In order to be entitled to post-conviction relief a petitioner must prove his factual
allegations by clear and convincing evidence at the evidentiary hearing. Tenn. Code Ann.
§ 40-30-110(f). We agree with the State that Petitioner failed to prove his factual allegations
by clear and convincing evidence. At the post-conviction hearing Petitioner’s father testified
that he was told the victim fell and hit her head three days before she was taken to the
hospital with the trauma which led to her death. No medical proof was offered at the
evidentiary hearing concerning this incident or any trauma it allegedly caused the victim.

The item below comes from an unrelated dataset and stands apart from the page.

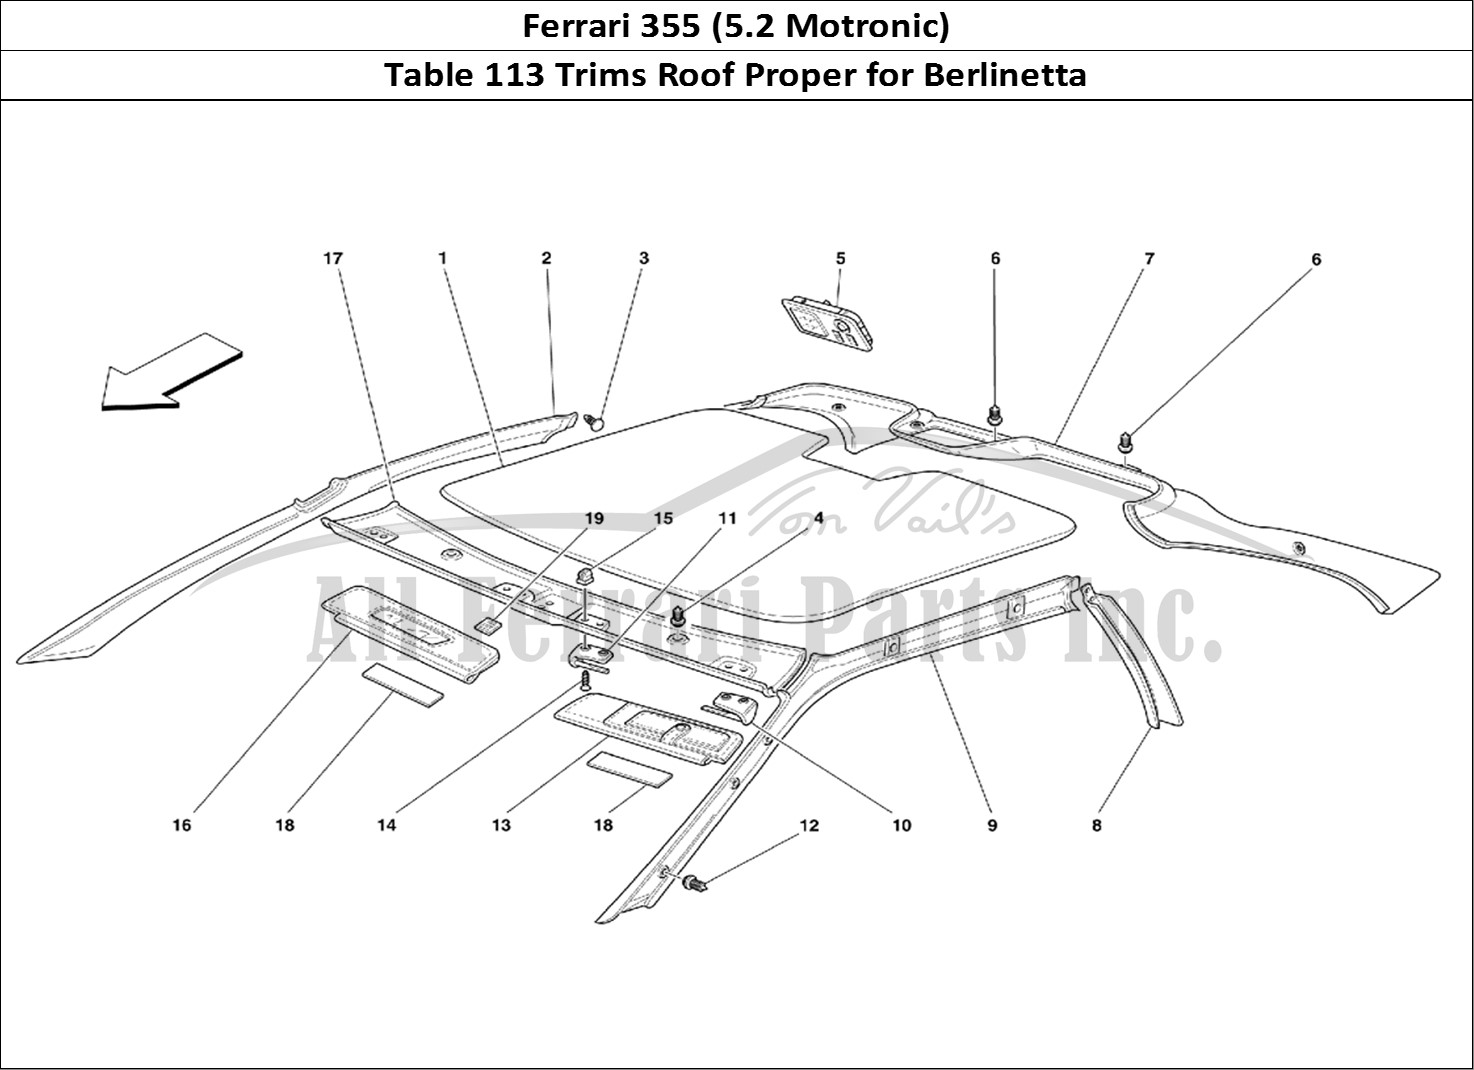 Ferrari Parts Ferrari 355 (5.2 Motronic) Page 113 Roof Trims -Valid for Ber

Petitioner’s father was not present when it happened. In fact, Ms. Harris testified at the post-
conviction hearing that she was present when the incident occurred. She stated the victim
was not hurt, that she did not even cry, and that the victim’s head certainly did not “bounce”
multiple times upon hitting the floor. Petitioner’s trial counsel testified that the expert
witness used by the defense at trial “had a very strong opinion” that the victim’s injuries were
the result of a fall down steps at the home on the day she had to be taken to the hospital. This
-9-
was absolutely consistent with statements made by Petitioner prior to trial and with his
testimony at trial. Trial counsel testified that “[i]n retrospect, I don’t think Dr. McCormick
felt that a fall at the grandmother’s house was significant as it related to those injuries that
we felt were caused by the stairs.”
Regarding Petitioner’s argument that he is entitled to relief based upon perjured
testimony at his trial, we have carefully reviewed the evidence submitted at the post-
conviction hearing concerning this issue. At most, Petitioner showed that a witness at trial
can possibly be impeached several years after the trial, by statements she made in a secretly
recorded phone conversation with Petitioner’s spouse, who readily admitted that she was
hoping that the witness would admit she had lied at the trial.
We agree with the post-conviction court’s findings of fact and its ruling that
Petitioner’s post-conviction petition must be denied.
CONCLUSION
The judgment of the post-conviction court is affirmed.